Metalhead is the fifth episode in the Black mirror forth series. The director of this film is David Slade, and the creator is Charlie Brooker. The episode was first aired on 29th Dec 2017, with the rest of the fourth series, and it is entirely filmed in black and white colors. The episode shows Bella plight trying to free from the robotic dogs, after the collapse of human society. Boston dynamics such as Big Dog influenced the robotic dogs in the film. The black mirror episode, “Metalhead,” last for only 41 minutes. A lot of people have given this episode a positive review; they compare the artistic work in the episode to “Terminator.” This is because both “Metalhead” episode and “Terminator” involves the ideology of robots chasing people. A lot of people who have viewed this episode have praised the designs of robotic dogs, along with others saying that the cinematography in the movie is appealing. This episode shows how technology can affect humans when it is not in command of the human being. Bishop also says this “the show is known for reminding us that the technology we surround ourselves with every day could be leading us toward a dystopian hellscape where our very humanity may be lost” (Bishop,2018). The review, therefore, is a critical analysis of autonomous technology on the “Metalhead” episode in the “Black Mirror” series.
The main idea of the episode is that it gives a view about AI and inspire by Boston Dynamic robots that are shown in the movie like dog robots. In this movie, there are three characters named Bella (The main character), Clarke, Anthony. This episode was made in England in an area where the society is extinct. The director, Charlie Brooker has formed great, blood-curdling horror; he appropriately leans nastiness to “Metalhead.” The episode shows the ideology of post-apocalyptic future where a bunch of thieves makes a mistake of breaking into the unguarded warehouse (somewhere in northern England). “Metalwork” starts with tense and works its way to the nightmarishness arena.

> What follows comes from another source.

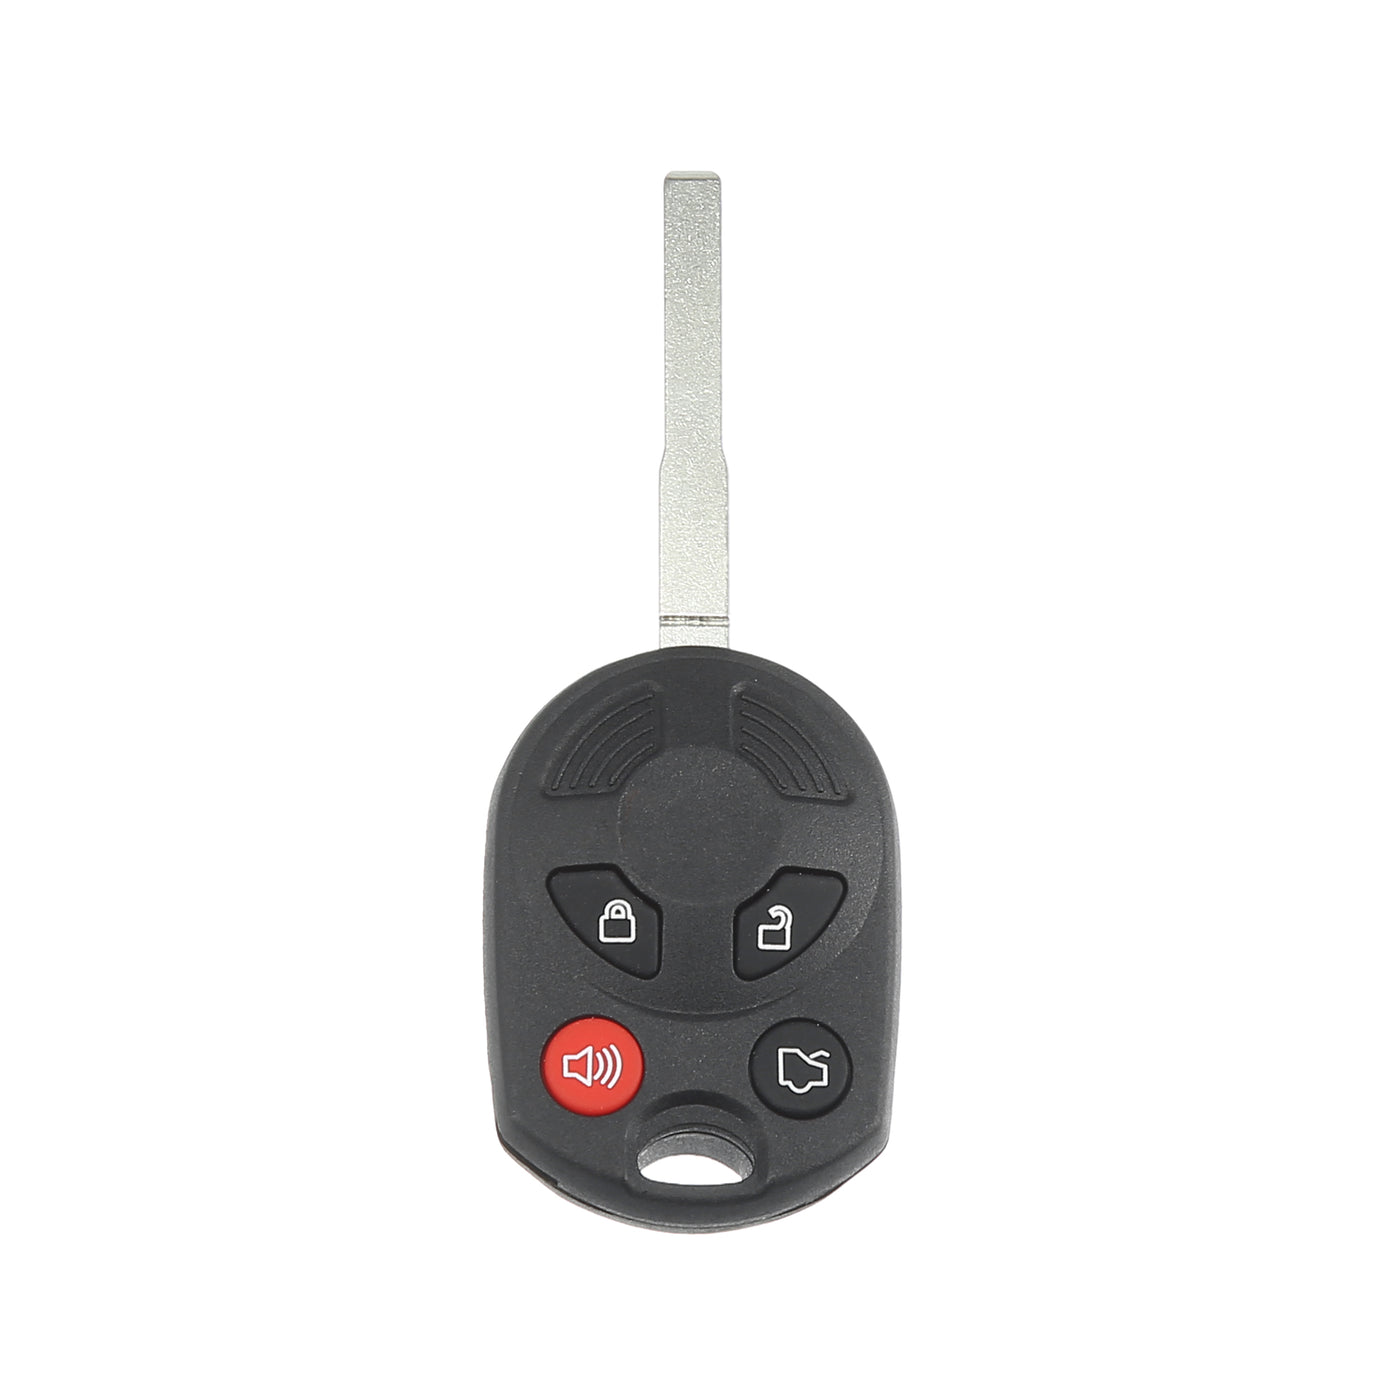 X AUTOHAUX 4 Button Car Keyless Entry Remote Control Replacement Key Fob Proximity Smart Fob OUCD6000022 for Ford Escape 2013-2019 315MHz Chip 63 80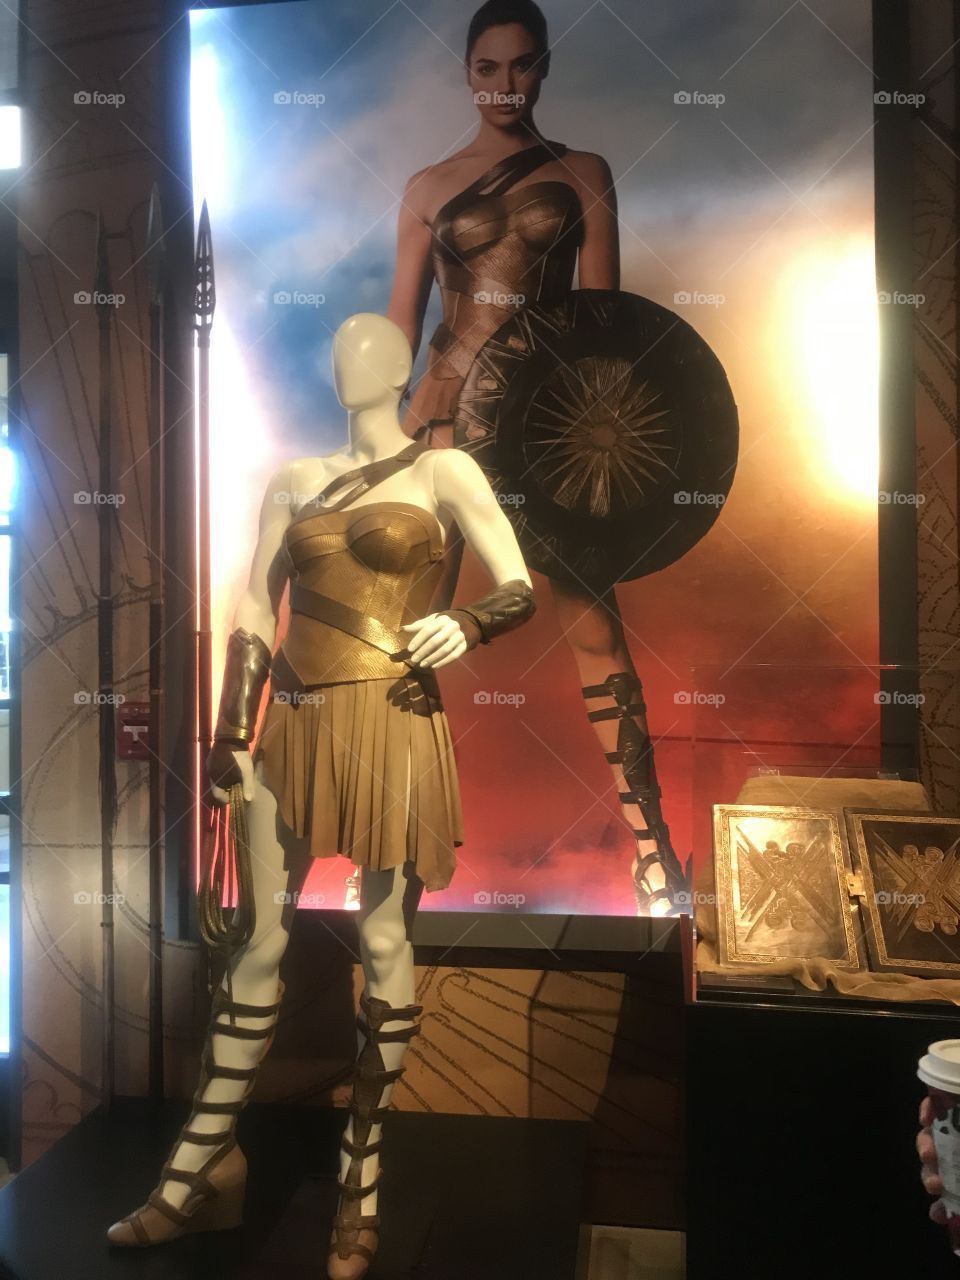 One of the original costumes in the Wonder Woman movies worn by gal gadot seen in the warner brothers studios

In the episode, the killer robot is a very brilliant creature; Bella and her doomed friend refer to it as a “Dog.”
When the robotic dog first appears in the movie hunkered behind a cardboard box, we see it as a very cool creature which is harmless. This is because at first, it seems like a helmet discarded by its owner. However, after some time, we realize the dog is dangerous when its spindly legs unfurl, and it starts firing off tiny bullets (Slade, 2017). The introduction of the movie is superb because it establishes how dangerous these garget weapons are. The dogs cannot only blow the mind of an individual, but it can also break the lock of a house using the USB device as well as picking up the keys and driving a car. The robot may not have eyes or mouth, but it has the real character of galloping swiss army knife.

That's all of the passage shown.